В произведениях Замятина фонике и ритмике уделено большое внимание, однако бытование звука этим далеко не ограничивается. В случае с Евгением Замятиным важна роль звука как абсолютно самостоятельного художественного образа, опирающегося практически всегда на развернутое лексическое описание, апеллирующего к психике, к чувственному восприятию.
Можно уверенно констатировать крайне малую степень разработанности исследуемого материала в научной литературе: проблема звукового пространства, образов звучания как элементов образной системы Замятина до сих пор не была предметом специального изучения, несмотря на то, что многие замятиноведы акцентировали ее большую значимость в творчестве писателя. Обозначение отдельных звукообразов как концептуально значимых художественных деталей прозы Замятина и выделение единичных звуковых рядов, чем, как правило, ограничивается сегодня изучение этого аспекта творчества писателя, представляются недостаточными. Очевидна необходимость глубокого анализа всего звукового пространства в полном контексте его художественного воссоздания, семантической насыщенности, философской, психологической, эстетической содержательности.

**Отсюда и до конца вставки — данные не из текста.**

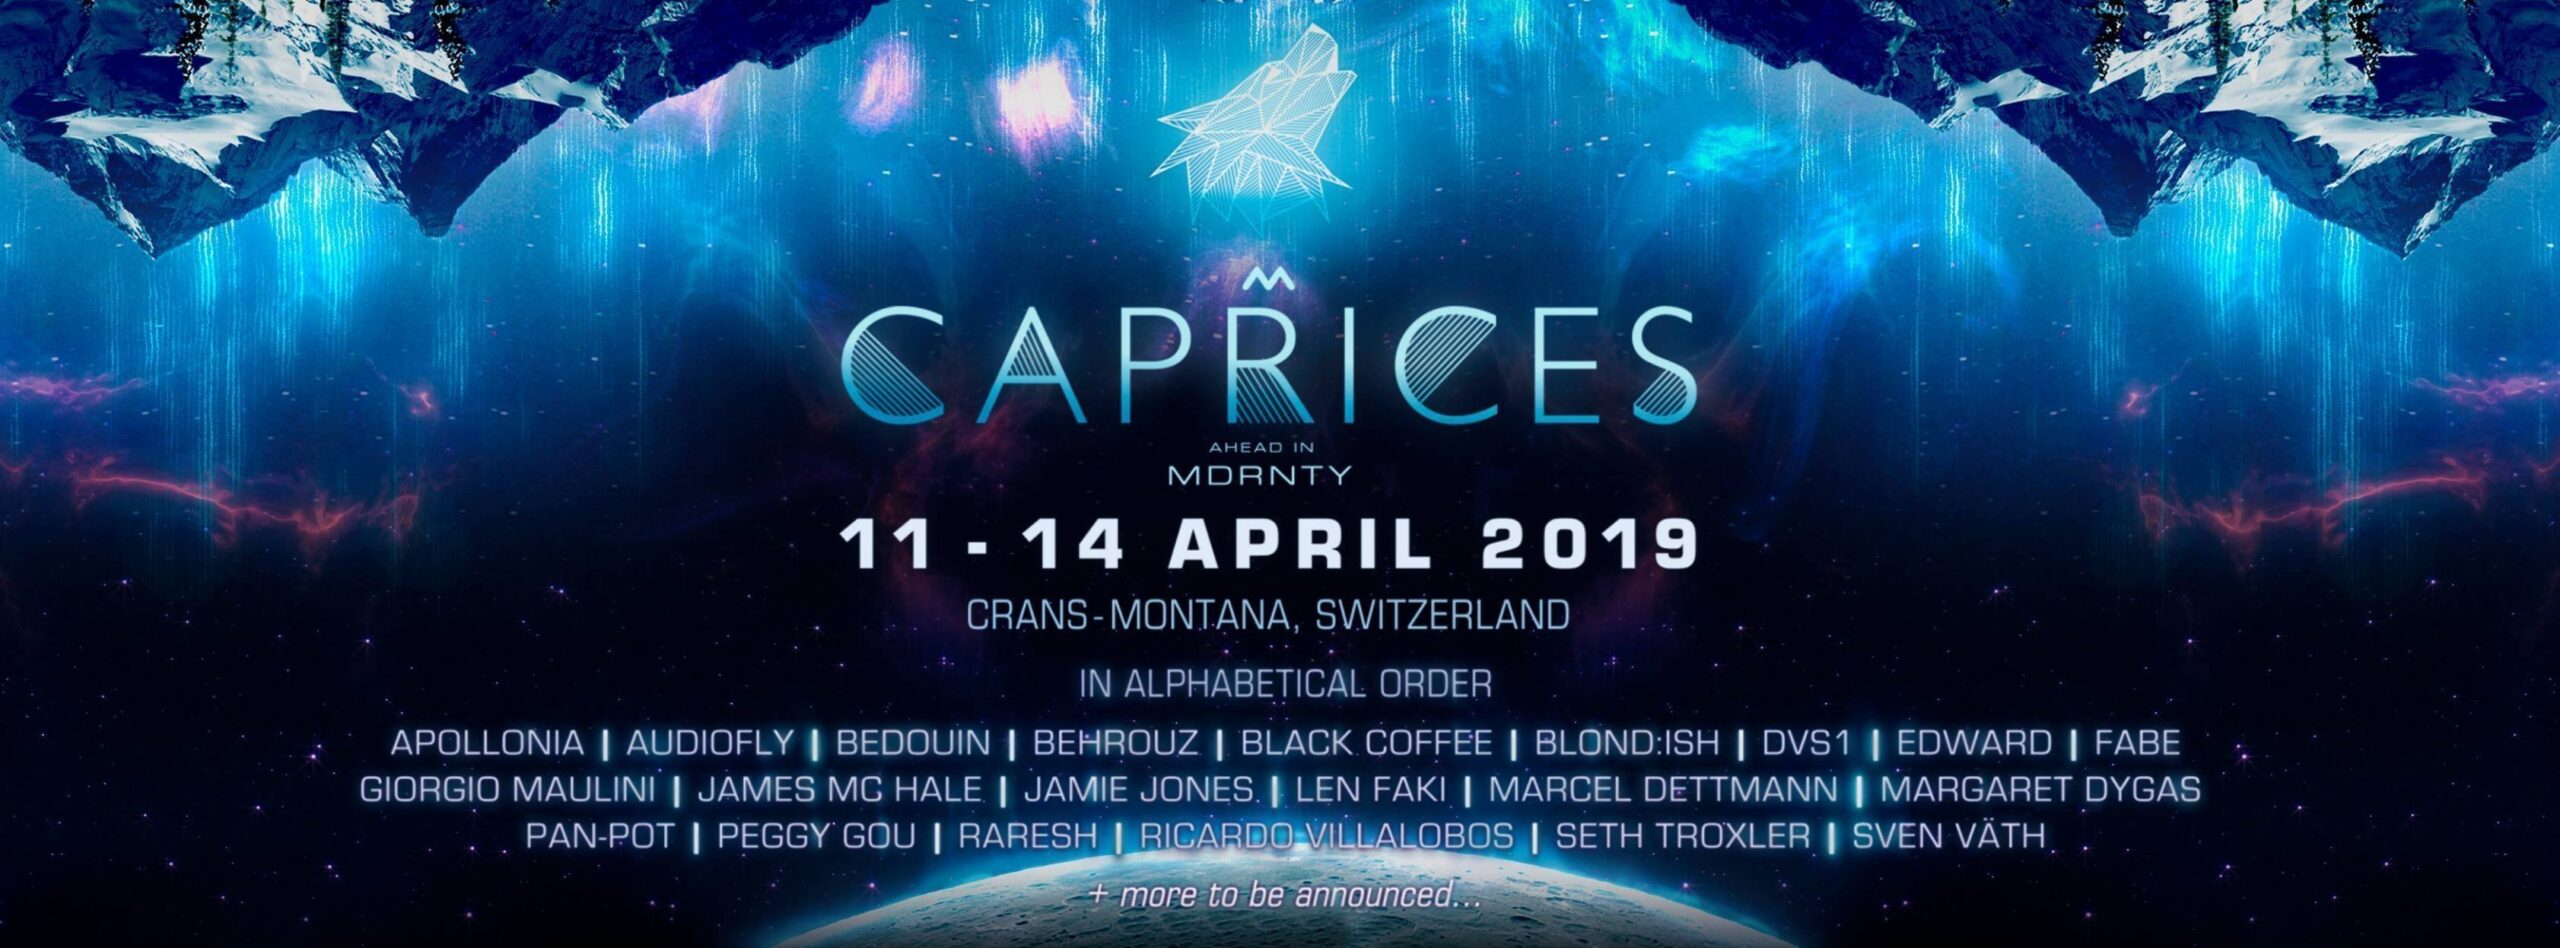 CAPRICES FESTIVAL 11 14 APRILE 2019 TICKET PACCHETTI HOTEL
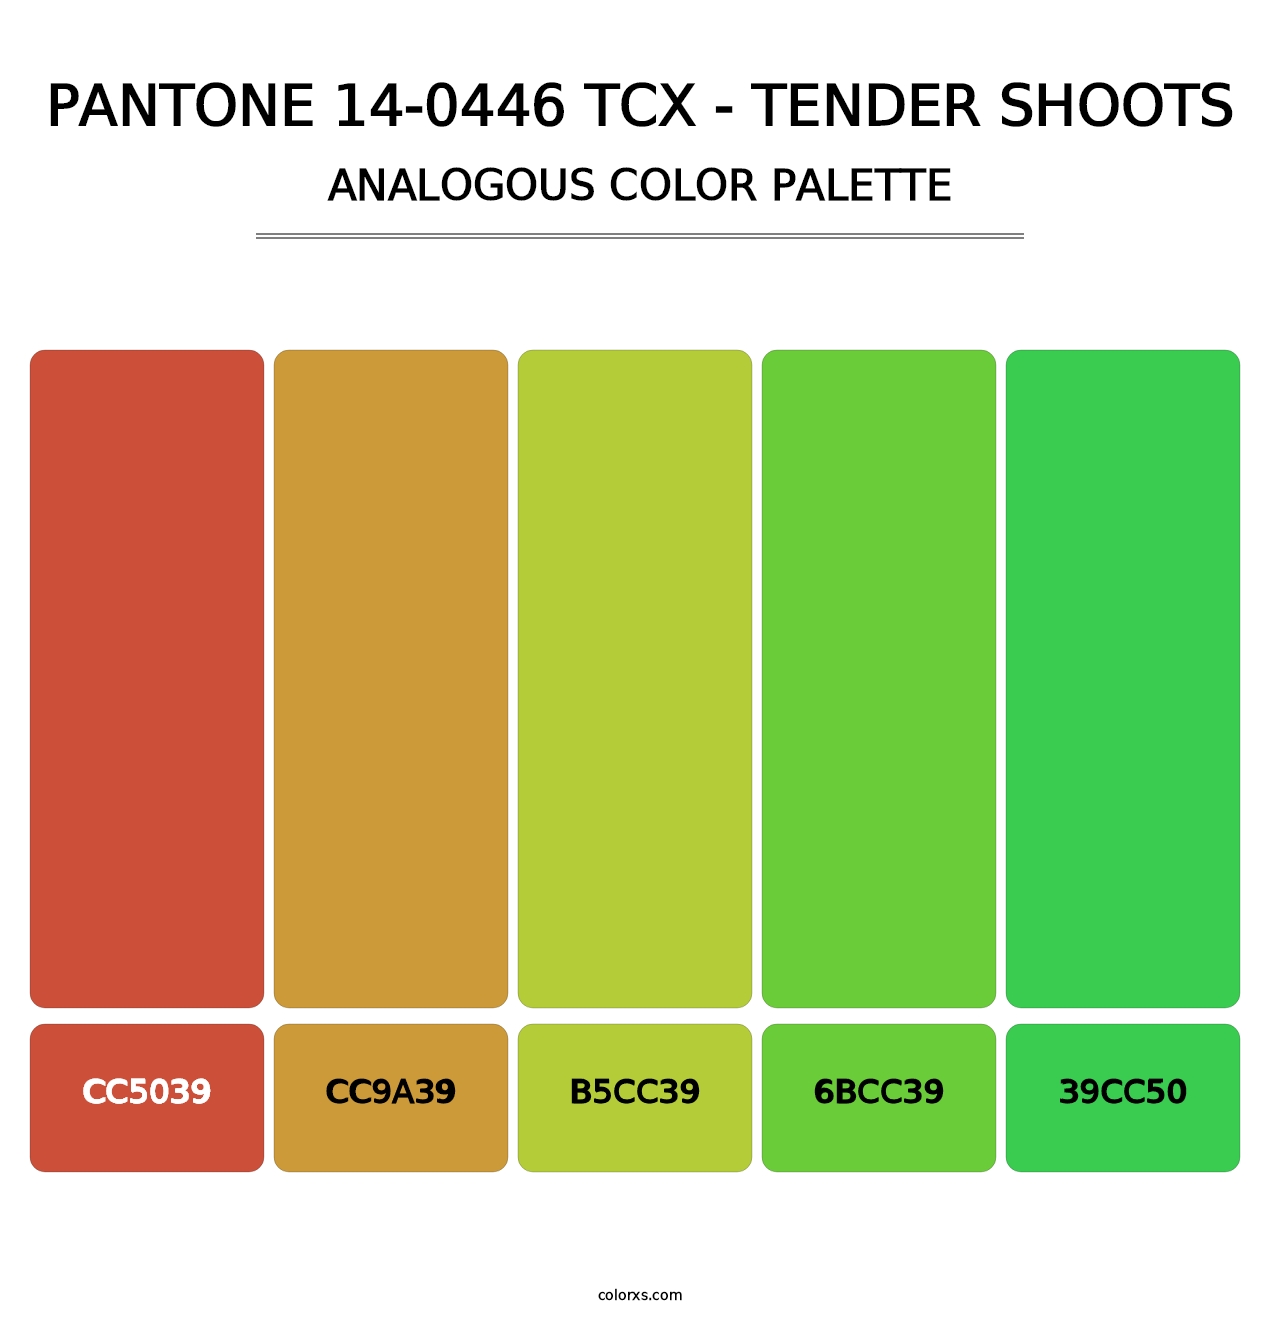 PANTONE 14-0446 TCX - Tender Shoots - Analogous Color Palette

Актуальность исследования обозначенной проблемы определяется необходимостью объективной историко-литературной оценки феномена литературы «русского зарубежья», в частности, художественных открытий выдающегося русского писателя Е.И. Замятина; актуализацией в условиях современных социокультурных процессов проблемы сохранения национальной специфики искусства слова; обоснованностью резкого поворота отечественной культурологии к краеведческим аспектам, к материалу жизни русской провинции; необходимостью уточнения и разработки новой специальной научной терминологии в области литературоведения; возросшим интересом современной филологической науки к вопросам индивидуальной поэтики, микропоэтики и акустической семантики; вниманием современного замятиноведения к таким художественным структурам, которые сам Замятин называл «инструментовкой», организацией тональности; целесообразностью проведения сравнительного анализа оценок отечественной и зарубежной науки о литературе «русского зарубежья» (Е.И. Замятине).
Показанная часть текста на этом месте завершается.